Caramel Popcorn Recipe Video

Caramel Popcorn Recipe Video



Recipe: garrett popcorn shops crispy caramel corn


Garrett Popcorn Shops Crispy Caramel Corn


This is a clone dish.


After placing a call to Caramel Crisp home offices in Chicago, we discovered that the popcorn chain (operating as Garrett Popcorn Shops) was not ready to share the dish that's responsible for the long lines at its shops.


No problem. After studying the active ingredient list on a Garrett container, we shopped. The parts are common, except for coconut oil. But we discovered that in the personal-care section at Whole Foods Market, where it was described as "" appropriate for high-heat cooking."" We let the popping start. After hours of research and tasting, we developed this scrumptious, crisp mix.


No white popcorn we attempted popped into kernels as large as those we sampled at Garrett. Our smaller sized kernels matched those from the shop for inflammation.


Yield: 13 cups


1 loading tablespoon strong coconut oil or peanut oil
1 cup unpopped white popcorn
2 teaspoons salt
2 cups light brown sugar
1 cup (2 sticks) salted butter
1 cup light corn syrup
1/2 teaspoon baking soda


Heat coconut oil in a large pot over high heat. Include 6 kernels to pan as testers; cover. When a minimum of 3 of the kernels pop, add remaining kernels. Shake pan sometimes as corn pops. Keep over high heat up until popping slows to a couple of pops per 2nd, about 5 minutes. Empty popped corn into a large brown paper bag. Add 2 teaspoons salt. Shake bag to disperse salt and drain excess oil; discard unpopped kernels. Measure 13 cups of fully popped kernels; spread out on large roasting pan; reserved.
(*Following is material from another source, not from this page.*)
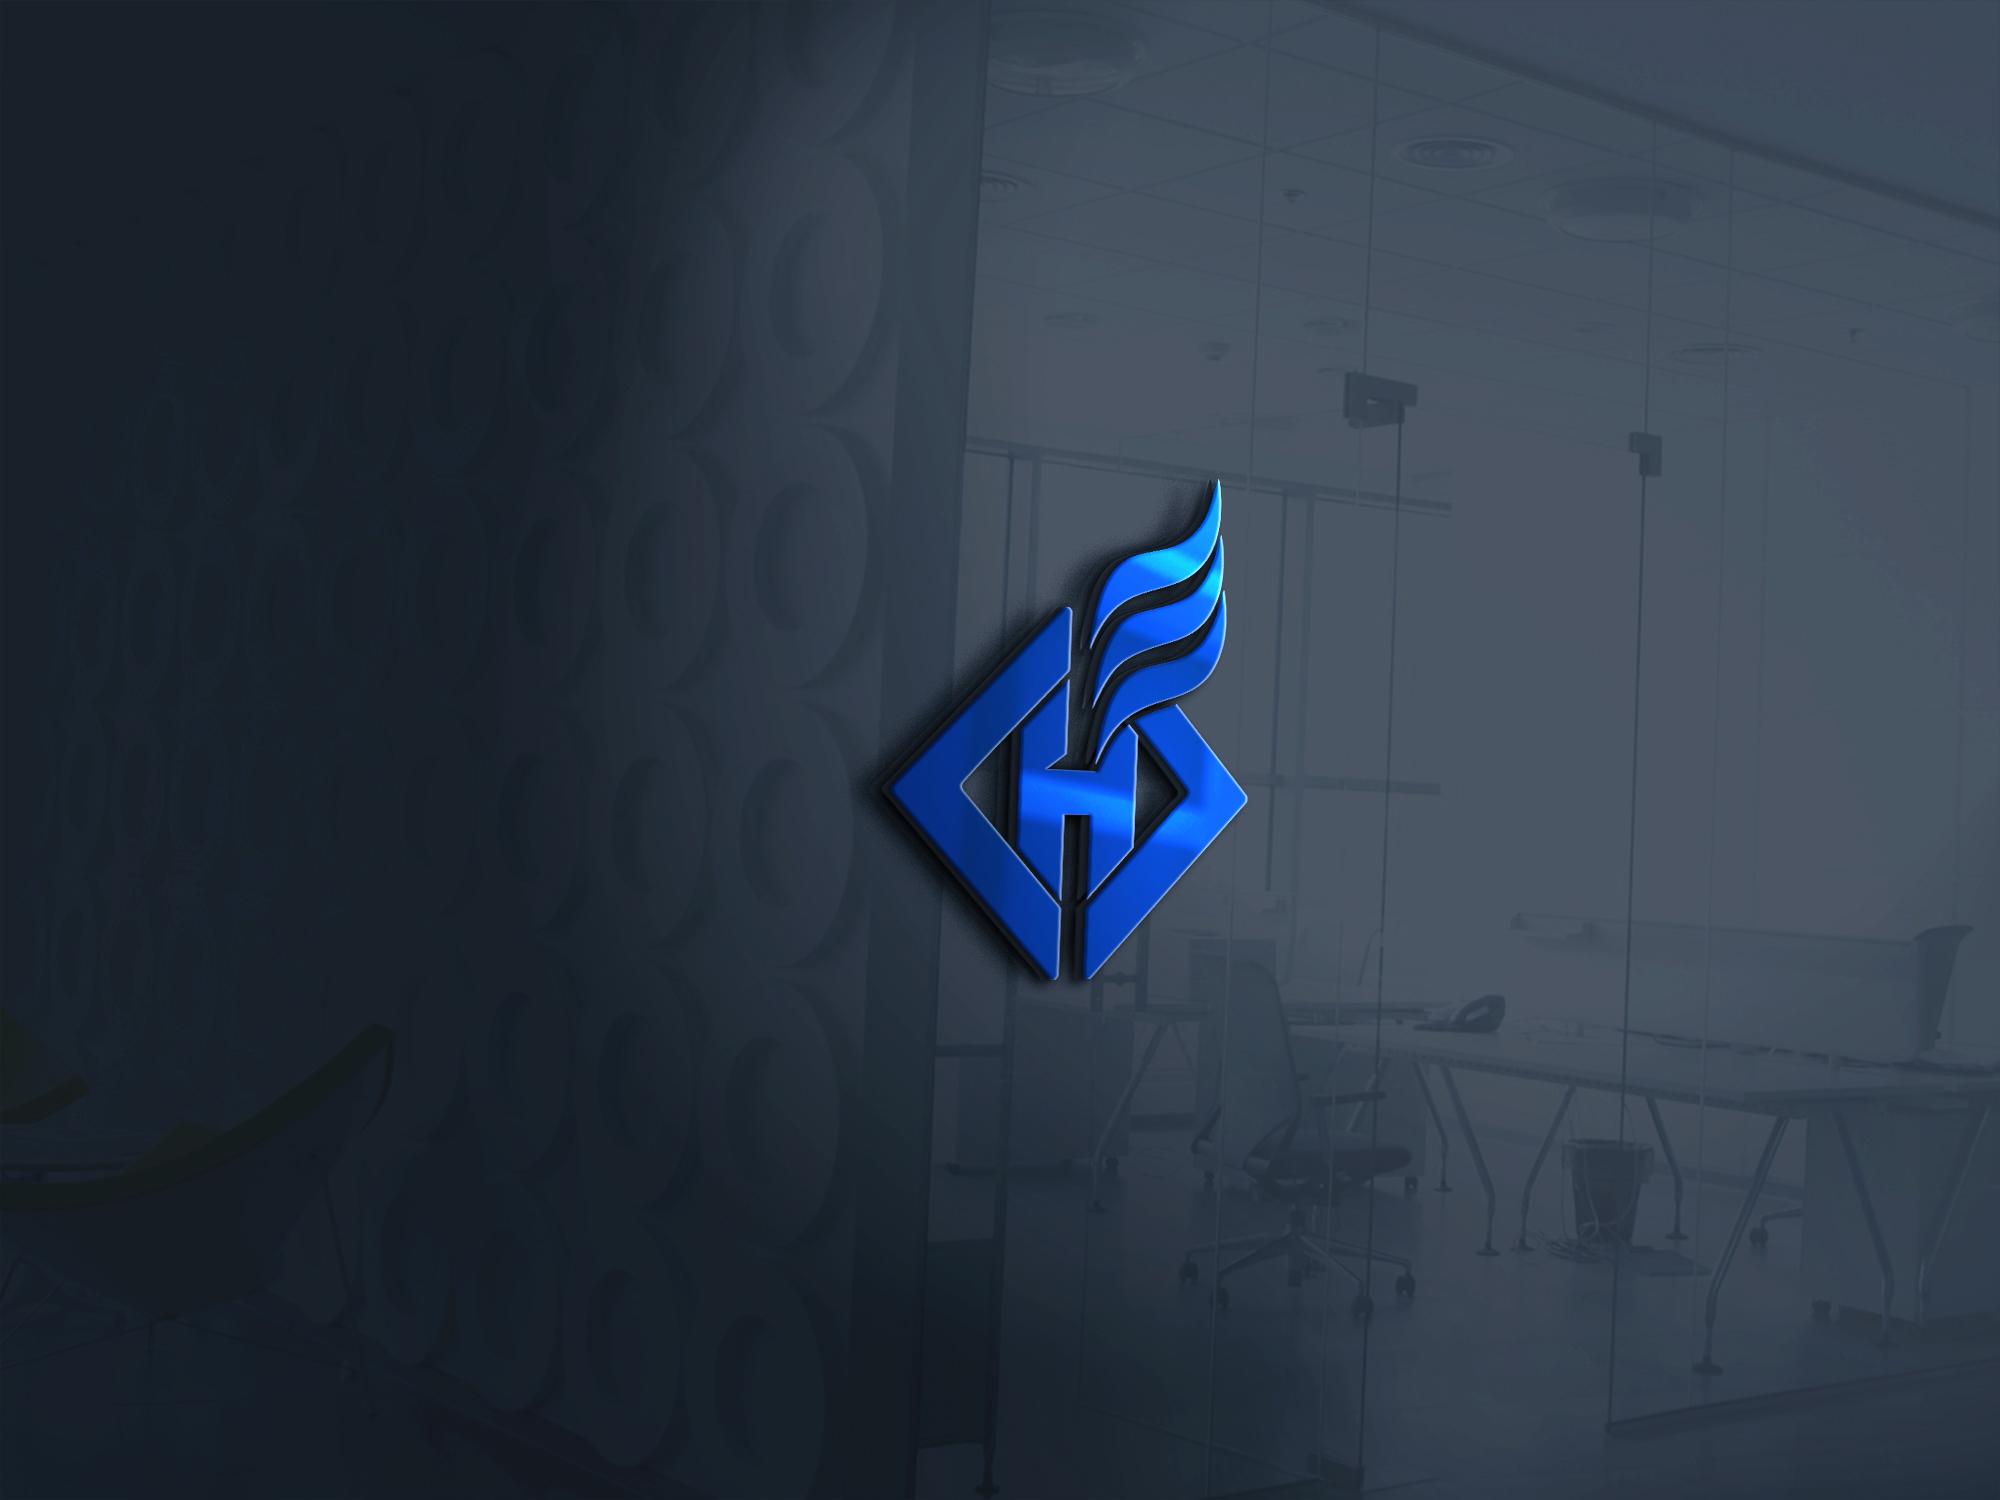 Разработка логотипа и фирменного стиля фото f_3135da55da9a0949.jpg

Combine brown sugar, butter, corn syrup and baking soda in medium heavy pan; heat to boiling over medium-high heat. Cook, without stirring, up until mixture reaches 235 degrees F on a sweet thermometer, about 8 minutes. Remove from heat.


Heat oven to 250 degrees F.


Carefully put caramel mix over popcorn. Stir mixture with heat-resistant spatula or buttered wood spoon to evenly coat popcorn, working quickly to coat kernels.
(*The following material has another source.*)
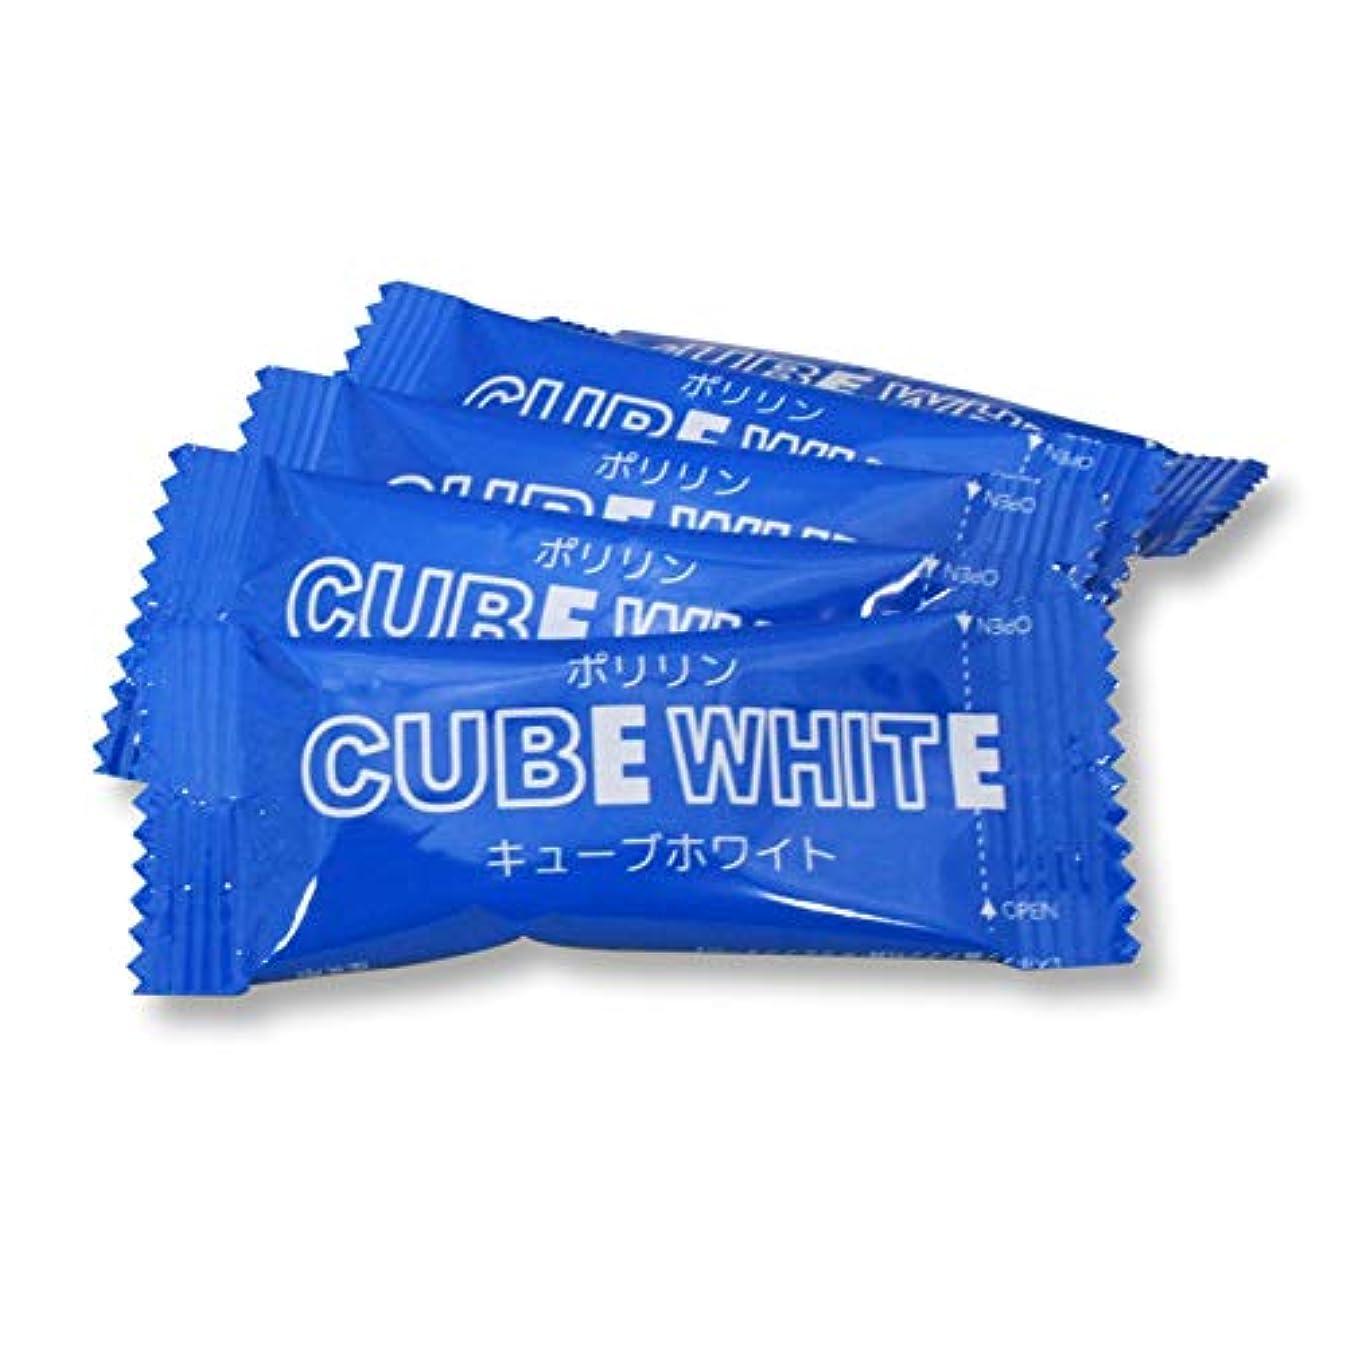 促すの頭の上フレームワークリジェンティス キューブホワイト 【5袋入】 歯面専用 スポンジ 歯 ブラシ 付き ホワイトニング 歯磨き

Bake popcorn 1 hour, stirring every 10 minutes to continue covering consistently. Eliminate pan from oven; cool on cake rack. Disintegrate any clumps of corn with your hands.


Nutrition details per cup: 385 calories, 35% calories from fat, 16 g fat, 10 g saturated fat, 35 mg cholesterol, 450 mg sodium, 63 g carbohydrate, 2 g protein, 1.9 g fiber


Tips for success:


- Usage white kernels for tender popcorn.
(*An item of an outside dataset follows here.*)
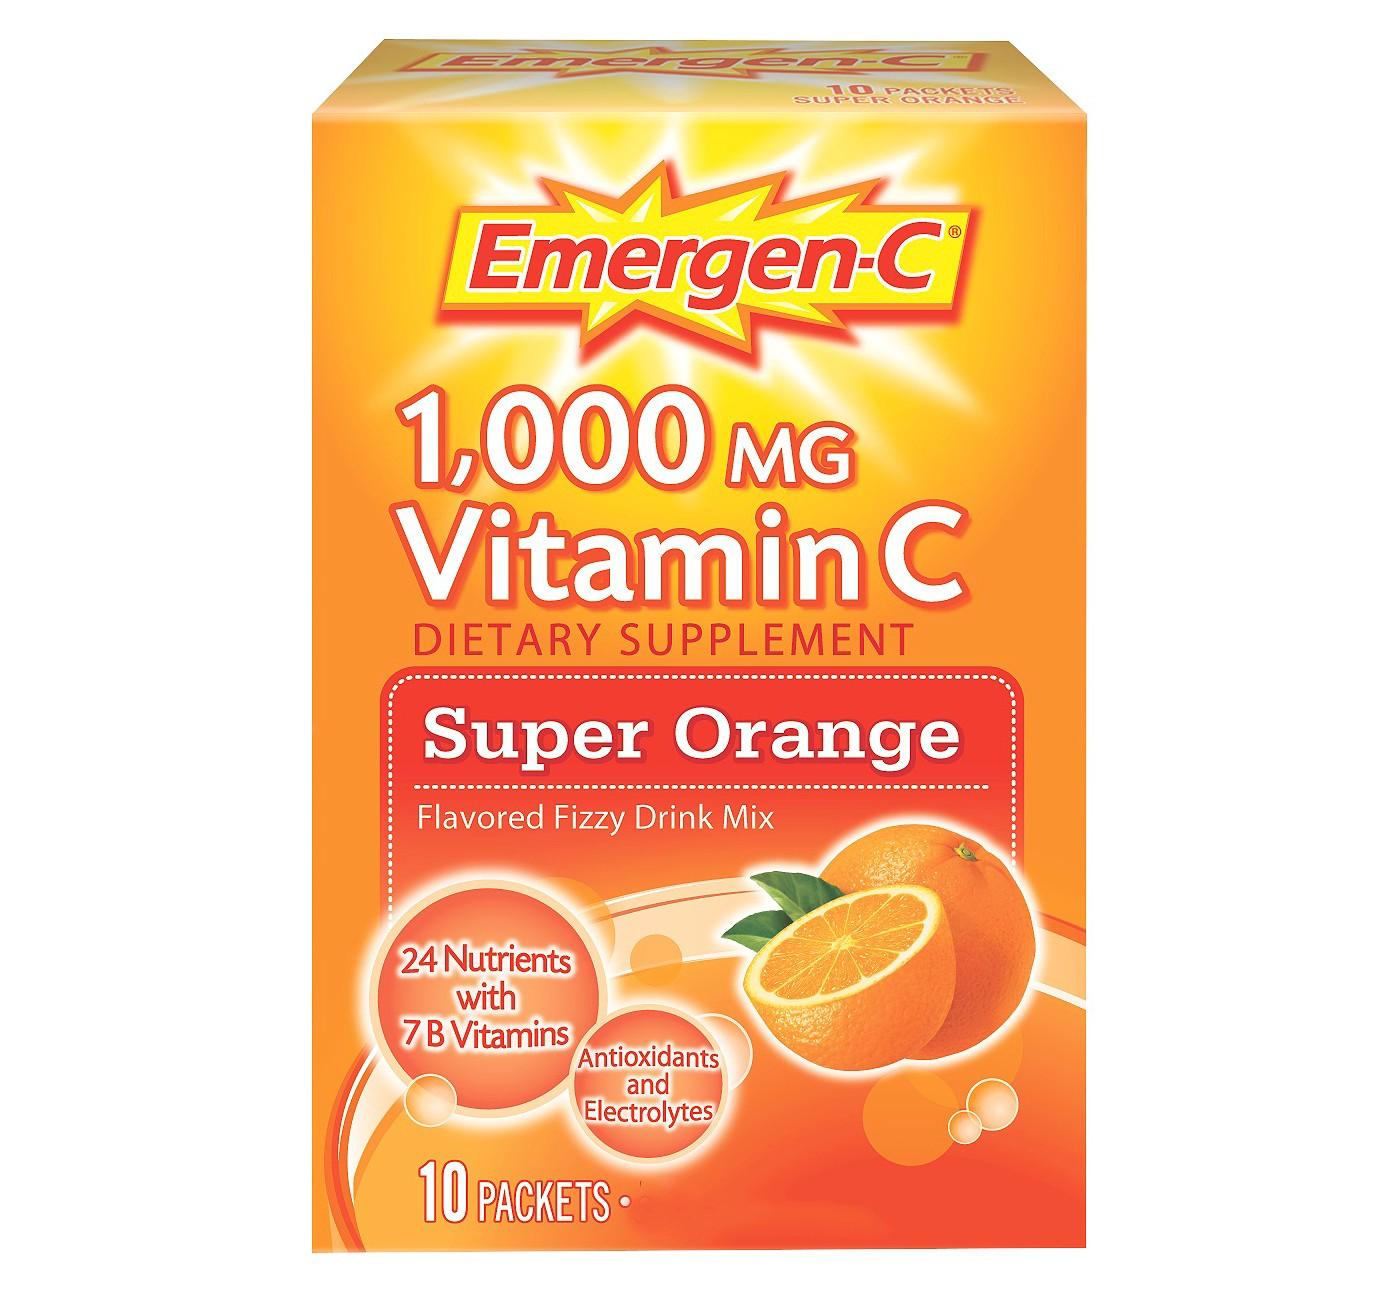 Emergen-C Vitamin C Drink Mix - Super Orange - image 1 of 5

- Use coconut oil if you can find it. Its saturated fat material is high, it makes a big taste distinction. Like reducing, it is solid at room temperature level. If you can't find coconut oil, you can use peanut oil as a substitute.


- Throughout baking, stir gently to prevent breaking kernels, however stir completely to cover as numerous kernels as possible.



No white popcorn we attempted popped into kernels as big as those we sampled at Garrett. When at least 3 of the kernels pop, include staying kernels. Shake bag to distribute salt and drain excess oil; discard unpopped kernels. Step 13 cups of completely popped kernels; spread on big roasting pan; set aside.


Bake popcorn 1 hour, stirring every 10 minutes to continue covering evenly.